Acompanhamos a assistente de produção, Angela Raducani, enquanto conduz por
Bucareste e realiza castings para um vídeo promocional de segurança no
trabalho. No seu tempo livre, filma sketches misóginos satíricos à Andrew Tate
para o TikTok. Enquanto que o seu trabalho maçador, que consiste em conduzir o
dia todo de um lado para o outro à procura de pessoas que ficaram
incapacitadas, é filmado a preto e branco - refletindo o desinteressante,
penoso e miserável do capitalismo tardio -, tanto os seus vídeos para o TikTok
como o vídeo promocional são filmados a cores. Para além disso, são
contrapostas também imagens a cores do filme romeno “Angela merge mai departe”
de 1982, um filme sobre o dia a dia de uma taxista, situado num passado sob o
domínio de Nicolae Ceaușescu, fazendo um paralelo com a actualidade onde a
misoginia, xenofobia e corrupção não parecem muito diferentes.
A narrativa culmina na filmagem do vídeo promocional para qual Angela
realizou os castings, um plano único sequencial de 30 minutos onde tudo parece
desmoronar.
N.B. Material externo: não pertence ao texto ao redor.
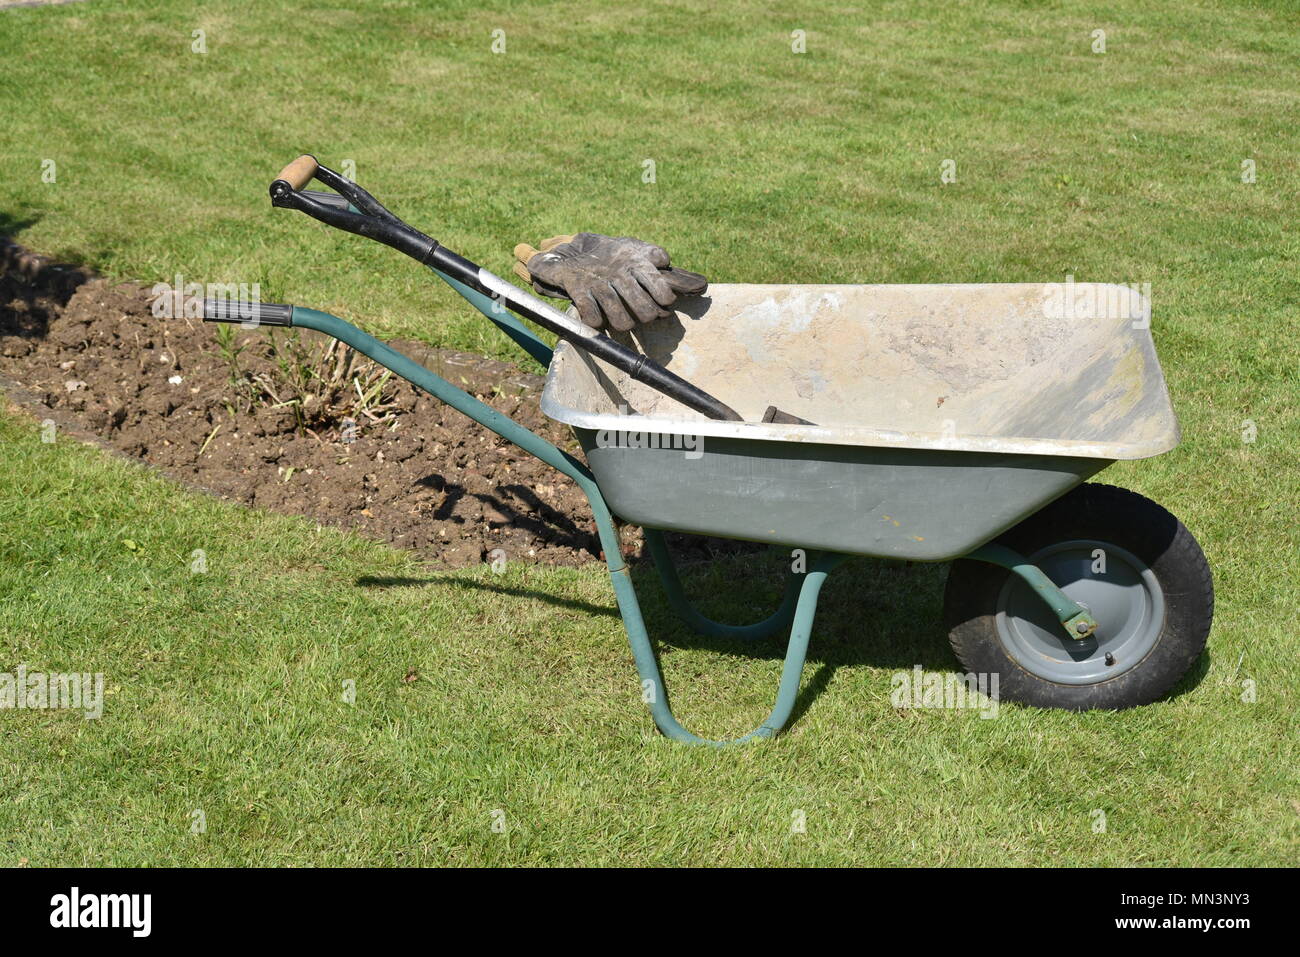 wheel barrow with gardening tools Stock Photo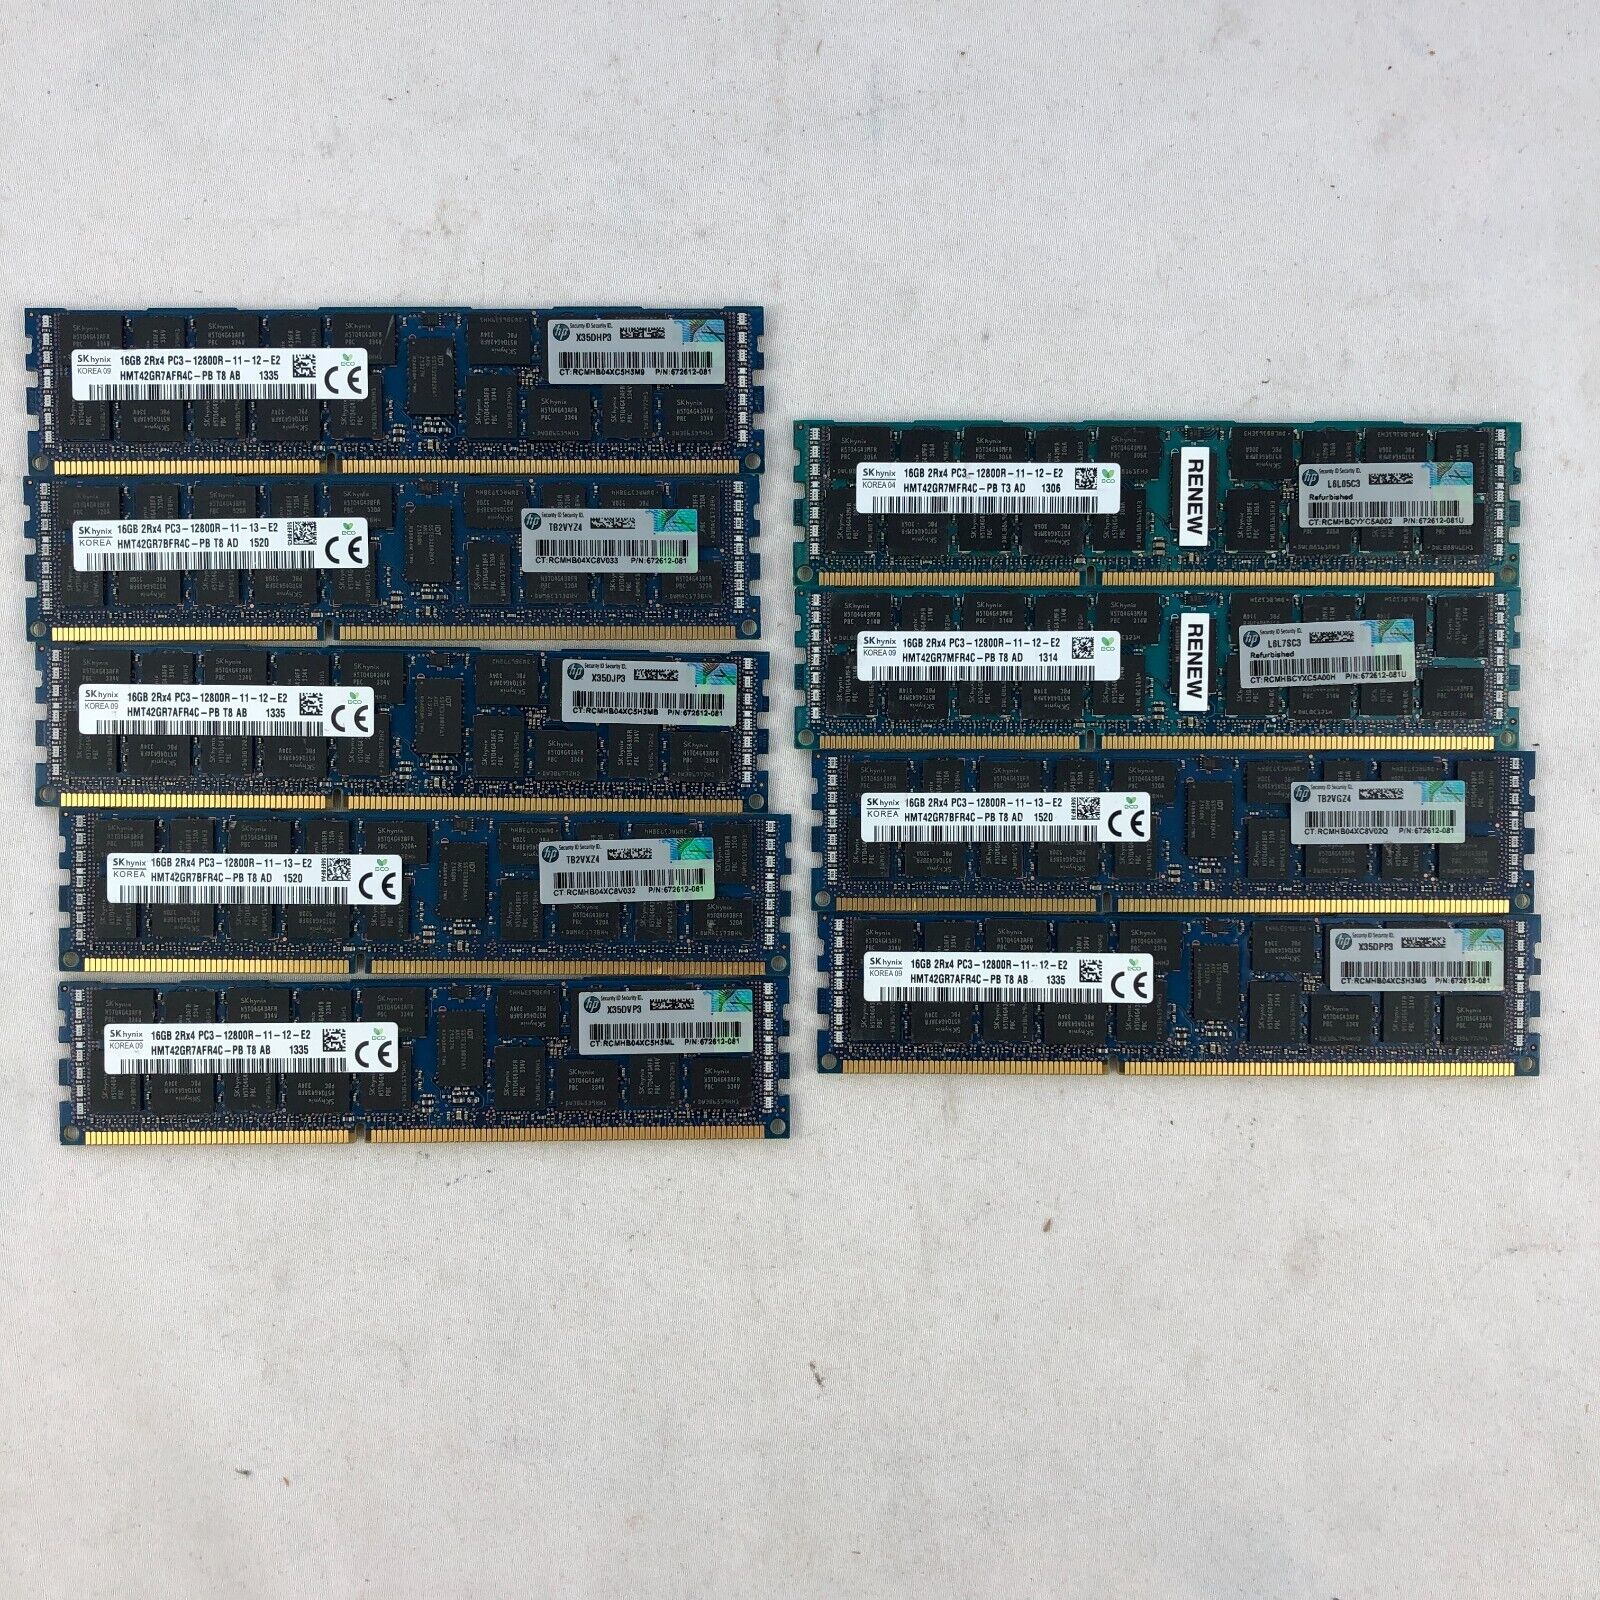 LOT OF 9 SK Hynix 16GB 2Rx4 PC3-12800R HMT42GR7AFR4C-PB T8 SERVER MEMORY RAM ECC

A empresa tenta manipular a narrativa do acidente de trabalho para
a favorecer, as falas são alteradas tantas vezes que se tornam impossíveis de
memorizar, as condições meteorológicas tornam-se adversas à filmagem e, no meio
disto tudo, Angela continua a filmar os seus TikToks.
Em suma, a realidade de uma assistente de produção sobrecarregada de
trabalho é contraposta com os vídeos misóginos que grava para o TikTok, o vídeo
promocional de segurança no trabalho que está a produzir e filmagens de um
filme romeno de 1982. Radu Jude explora como o espectáculo e a pós-verdade
substituíram a realidade, cuja misoginia, xenofobia e corrupção estão tão
presentes como há 40 anos atrás.
”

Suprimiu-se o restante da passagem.